Além, avanço lentamente e povoo a noite com estrelas, com palavras, com a respiração de uma água remota que me espera onde a madrugada começa.

Invento a véspera, a noite, o dia seguinte que se ergue do seu leito de pedra e com olhos límpidos percorre um mundo penosamente sonhado.

Sustenho a árvore, a nuvem, a rocha, o mar, pressentimento de felicidade, invenções que desmaiam e vacilam perante a luz que se desagrega.

Depois , a serra árida, o casario de argila, a realidade minuciosa de um charco e de um pirú ingênuo, de um bando de crianças idiotas que me apedrejam, de um povo rancoroso que me estigmatiza. Eu invento o terror, a esperança, o meio-dia, – pai dos delírios solares, das falácias brilhantes, das mulheres que castram os seus amantes de uma hora.

Invento a queimadura e o uivo, as masturbações nas latrinas, as visões das estrumeiras, a prisão, o piolho e o cancro, a briga por causa de uma sopa, a denúncia, os animais viscosos, os contatos ignóbeis, os interrogatórios noturnos, o exame de consciência, o juiz, a vítima, a testemunha. Tu és esses três.

A quem apelar agora? E que astúcia poderá destruir aquele que te acusa? Inúteis, os memoriais, os ais e as alegações. Inútil bater às portas emparedadas. Não há portas, há espelhos. Inútil fechar os olhos ou voltar para o meio dos homens: esta lucidez já não me abandona.

Romperei os espelhos, rasgarei em pedaços a minha imagem – que em cada manhã restaura amorosamente o meu cúmplice e o meu informante.

A solidão da consciência e a consciência da solidão, o dia a pão e a água, a noite sem água. Secura, campo arrasado por um sol sem pálpebras, olho atroz, ó consciência, presente puro, onde o passado e o futuro ardem sem brilho nem esperança. Tudo desemboca nesta eternidade, que nunca desemboca.

Além, onde os caminhos se apagam, onde o silêncio acaba, invento o desespero, a consciência que me concebe, a mão que me desenha, o olho que me descobre.

Invento o amigo que me inventa, meu semelhante; e a mulher, meu adversário: torre que semeio com bandeiras, muralha que as minhas ondas de espuma escalam, cidade devastada que renasce lentamente sob o domínio dos meus olhos.
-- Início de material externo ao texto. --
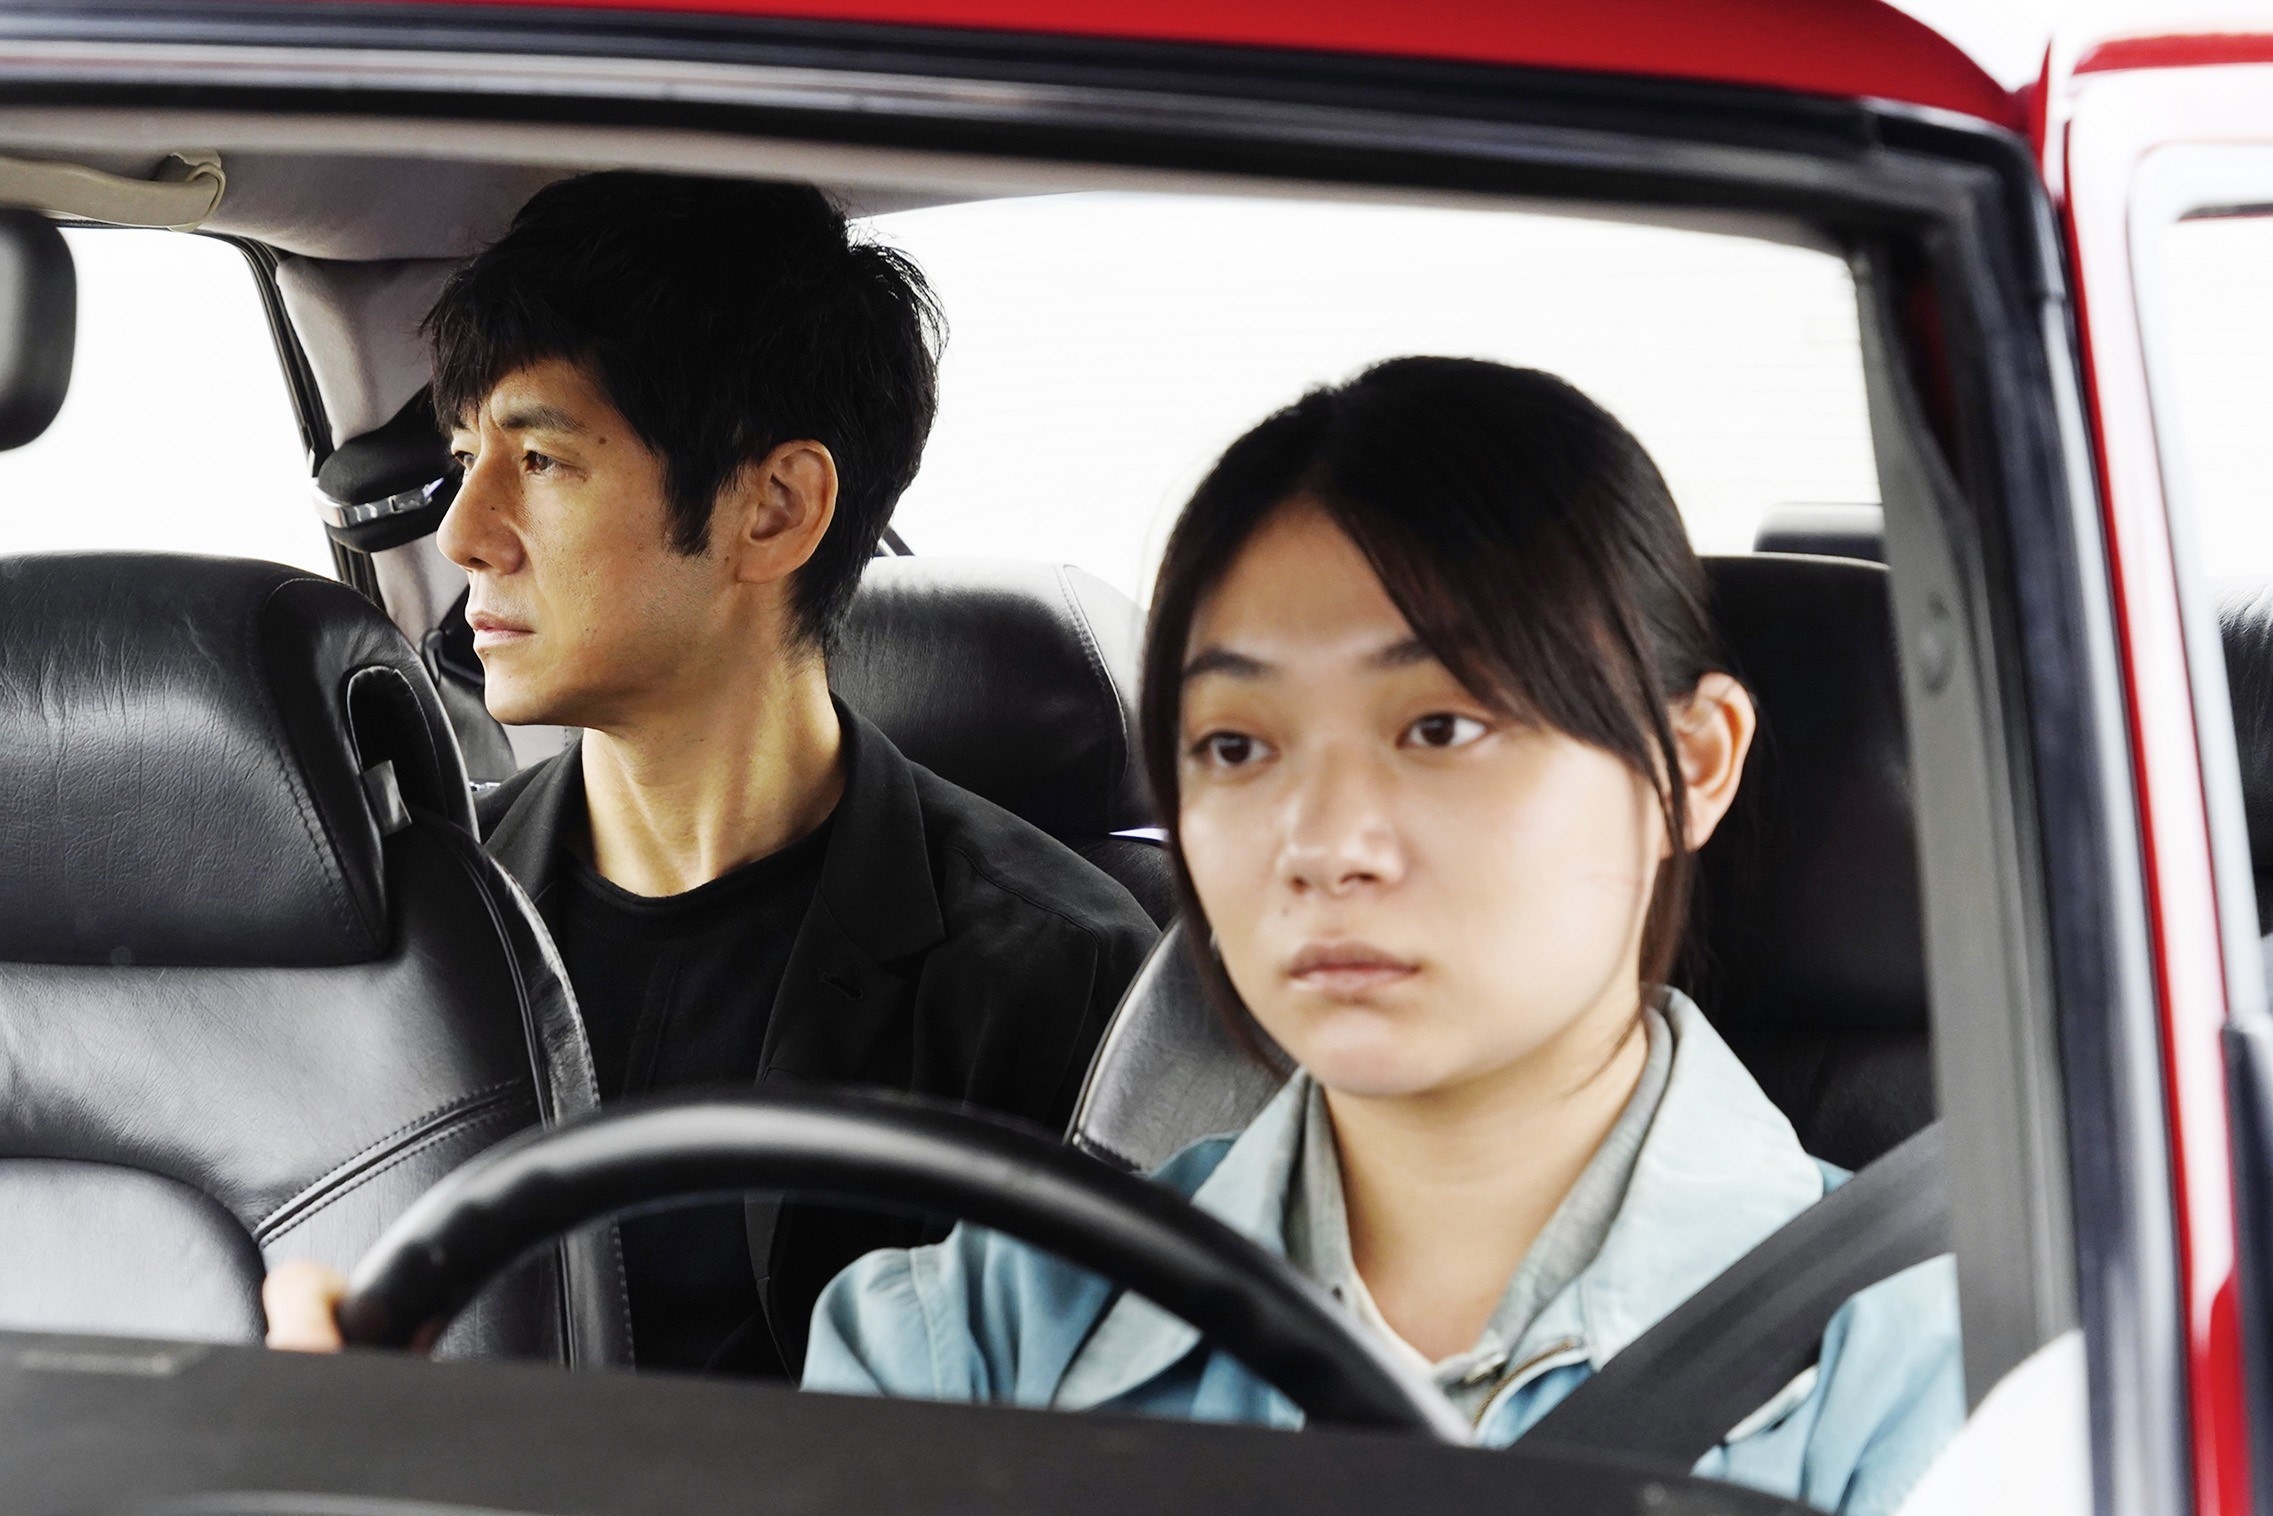 Hidetoshi Nishijima and Toko Miura sit in a car

Contra o silêncio e o ruído invento a palavra, liberdade que se inventa e me inventa em cada dia.

Octavio Paz Lozano (1914-1998) foi um poeta, ensaísta, tradutor e diplomata mexicano, notabilizado, principalmente, por seu trabalho prático e teórico no campo da poesia moderna ou de vanguarda. Recebeu o Nobel de Literatura de 1990.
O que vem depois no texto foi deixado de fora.